Local elections sort the true psephology fans from the lightweights. They are the unknown indie band playing a small club to the stadium rock of general elections. This is especially true in the UK due to our truly baffling system of local Government that splits councils into multiple different varieties, that run elections in seemingly random years. We even use different voting systems in different parts of the country.
This year, though, they will attract more attention than usual because a sub-set of Tory MPs are looking for any excuse to bin the walking embarrassment that is Boris Johnson and replace him with a leader that has a better chance of winning the next general election. Bad enough results in this round of locals, they hope, will encourage enough of their colleagues to realise that, as prominent backbencher Steve Baker said the other day, “the gig is up”.
There are also an unusually large number of seats up for grabs across the country – over 6.8k in total – in a wide range of different types of constituency that will give us some good clues as to how the next general election is shaping up. The majority, 4.4k, are in England, with over 1.2k in both Scotland and Wales.
In this preview I will focus on England and will run through the different types of council in order – London boroughs, Metropolitan boroughs, District Councils and Unitary Authorities.
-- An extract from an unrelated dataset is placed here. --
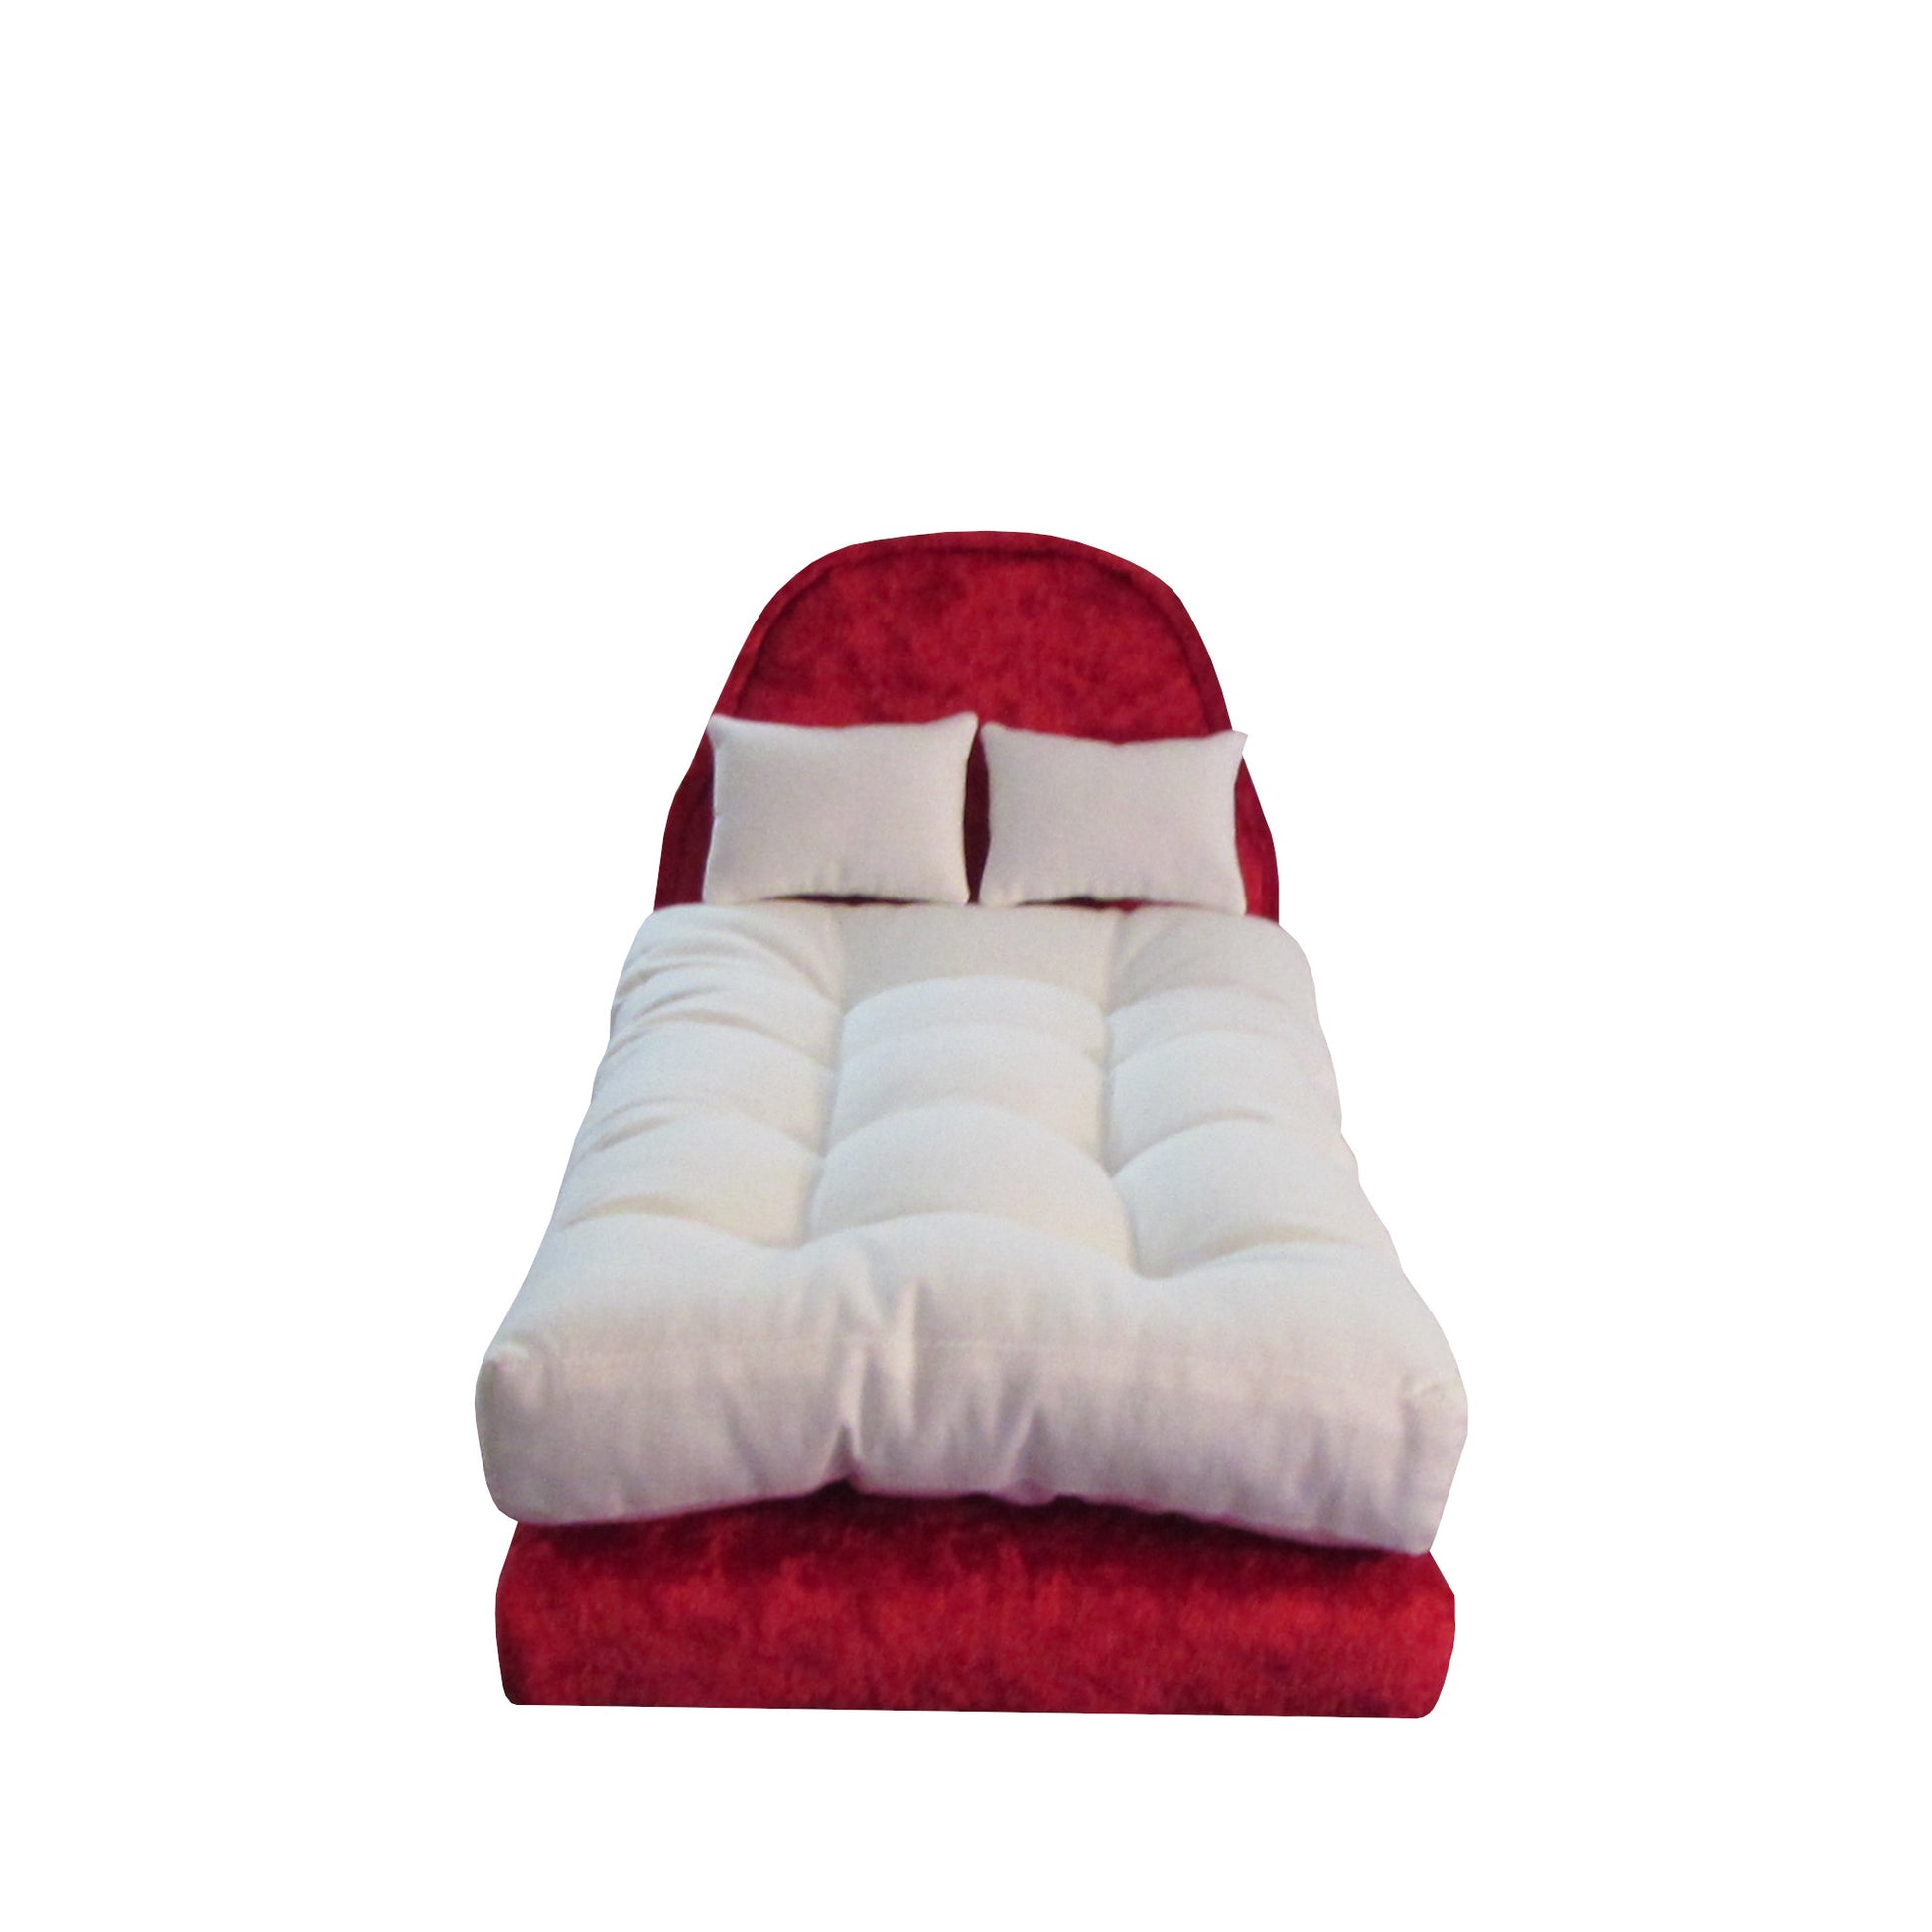 Red Crushed Velvet Double Doll Bed, Pillows, and Mattress for 11.5-inch and 12-inch dolls Second view

Each group contains different types of tests for the main parties. For each one I’ll set out the key councils to watch.
I’ll look briefly at Wales, but there are large numbers of independents and Plaid Cymru councillors which complicates the picture a lot and makes it hard to draw clear lessons. I won’t look at Scotland in any detail because they use a PR system called Single Transferrable Vote for their council elections. That means none of the councils are in the control of any one party and the results won’t tell us much about a general election under a different system. The only real interest from a national perspective is whether Labour push the Conservatives back into third place in overall vote share.
Then at the end I’ll do some expectation setting. What’s a bad result for the Tories? And what might encourage them to finally depose Johnson? And I’ll give my overall predictions for councils and councillors.